Pfizer, Moderna vaccines reduce risk of infection by 91 percent: US CDC

Pfizer, Moderna vaccines reduce risk of infection by 91 percent: US CDC

WASHINGTON: Taking two doses of mRNA-based vaccines from Pfizer-BioNtech and Moderna, authorized by the Food and Drug Administration, can reduce the risk of coronavirus infection by 91 percent, according to a new study by the US Centers for Disease Control and Prevention. Prevention (CDC).
Even a single dose of mRNA vaccines can reduce the risk of infection by up to 81 percent. These estimates included symptomatic and asymptomatic infections.
“Covid-19 vaccines are an important tool in overcoming this pandemic,” said CDC Director Rochelle P. Valensky.
“Findings from the extended time frame of this study provide evidence that mRNA COVID-19 vaccines are effective and should prevent most infections – but that fully vaccinated people who still get COVID-19 , they are more likely to have milder, shorter illness and be less likely to spread the virus to others. These benefits are another important reason for vaccination,” Valensky said.
The study also showed that mRNA vaccination benefits those who are fully vaccinated (14 or more days after dose 2) or partially vaccinated (14 or more days after 1 to 13 days after dose 2) ) despite getting Kovid-19.
People who were fully or partially vaccinated developed COVID-19, who were on average six days less sick and two days less sick. Those who were not vaccinated had a nearly 60 percent lower risk of developing symptoms such as fever or chills. Some study participants infected with SARS-CoV-2 did not develop symptoms.
People who were fully or partially vaccinated and then got COVID-19 had 40 percent less detectable virus in their nose (ie low viral load), and virus was detected in less than six days (ie. viral shedding). For those who were not vaccinated when they became infected. This means they were also less likely to spread the virus to others.
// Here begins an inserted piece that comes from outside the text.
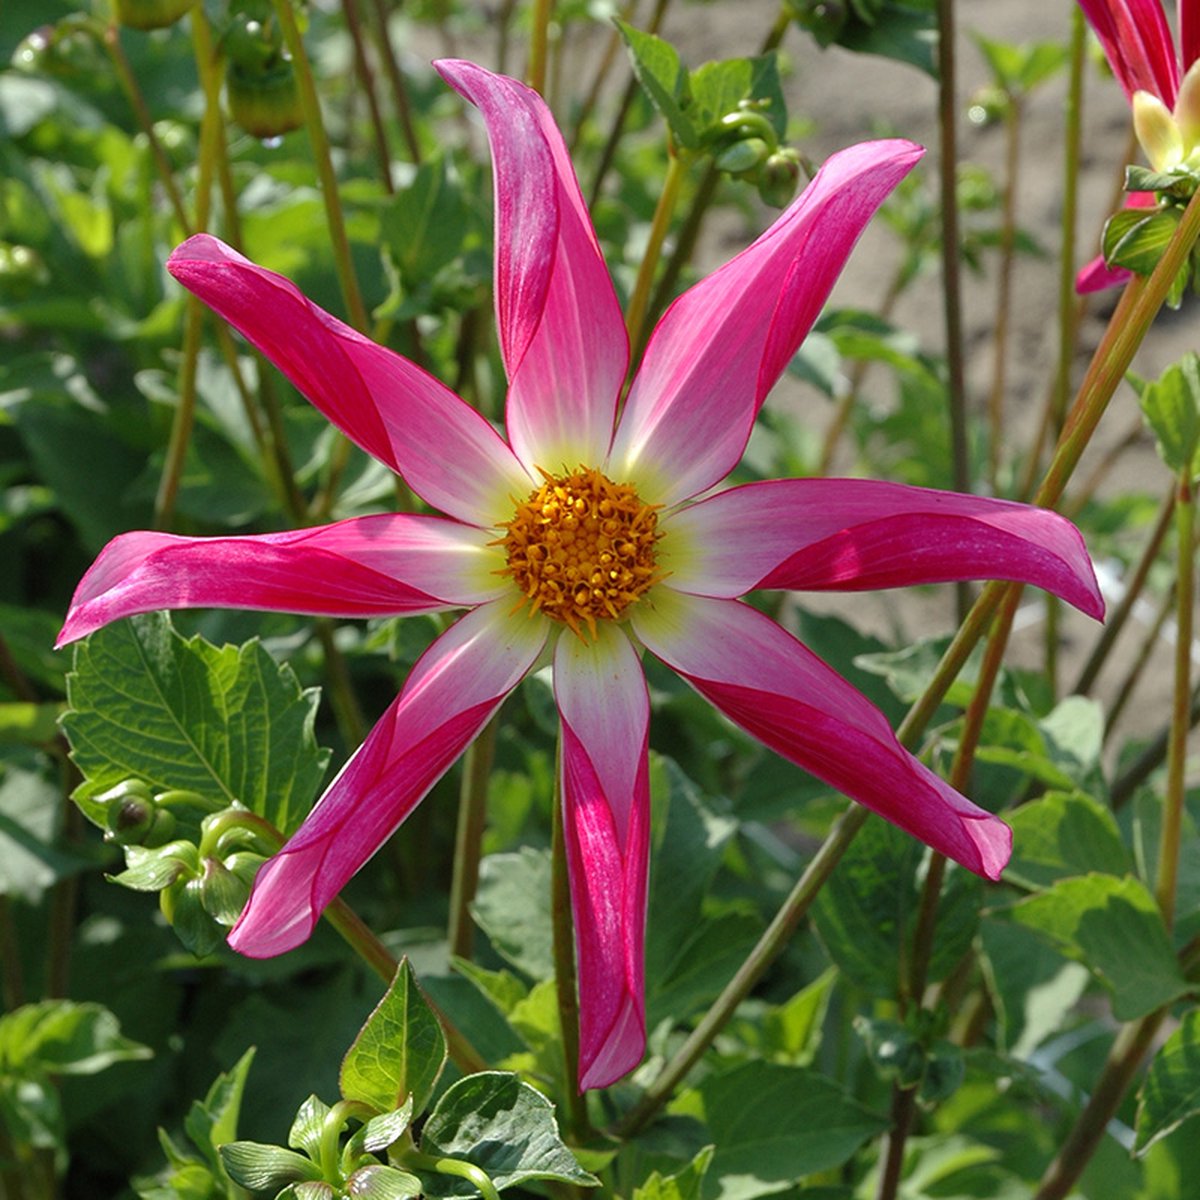 Dahlia Honka Pink | 1 stuk | Orchideetype Dahlia | Knol | Geel | Roze | Wit | Dahlia Knollen van Top Kwaliteit | 100% Bloeigarantie | QFB Gardening

In addition, people who were partially or fully vaccinated were 66 percent less likely to test positive for SARS-CoV-2 infection for more than a week compared to those who were not vaccinated. happened.
The CDC said that although these indicators are not a direct measure of a person’s ability to spread the virus, they are correlated with a lower prevalence of other viruses, such as varicella and influenza.
For the study, 3,975 participants completed weekly SARS-CoV-2 testing for 17 consecutive weeks (from December 13, 2020 to April 10, 2021) in eight US locations.
Participants self-collected nasal swabs that were laboratory tested for SARS-CoV-2. If the tests came back positive, the samples were further tested to determine the amount of viral load and viral shedding.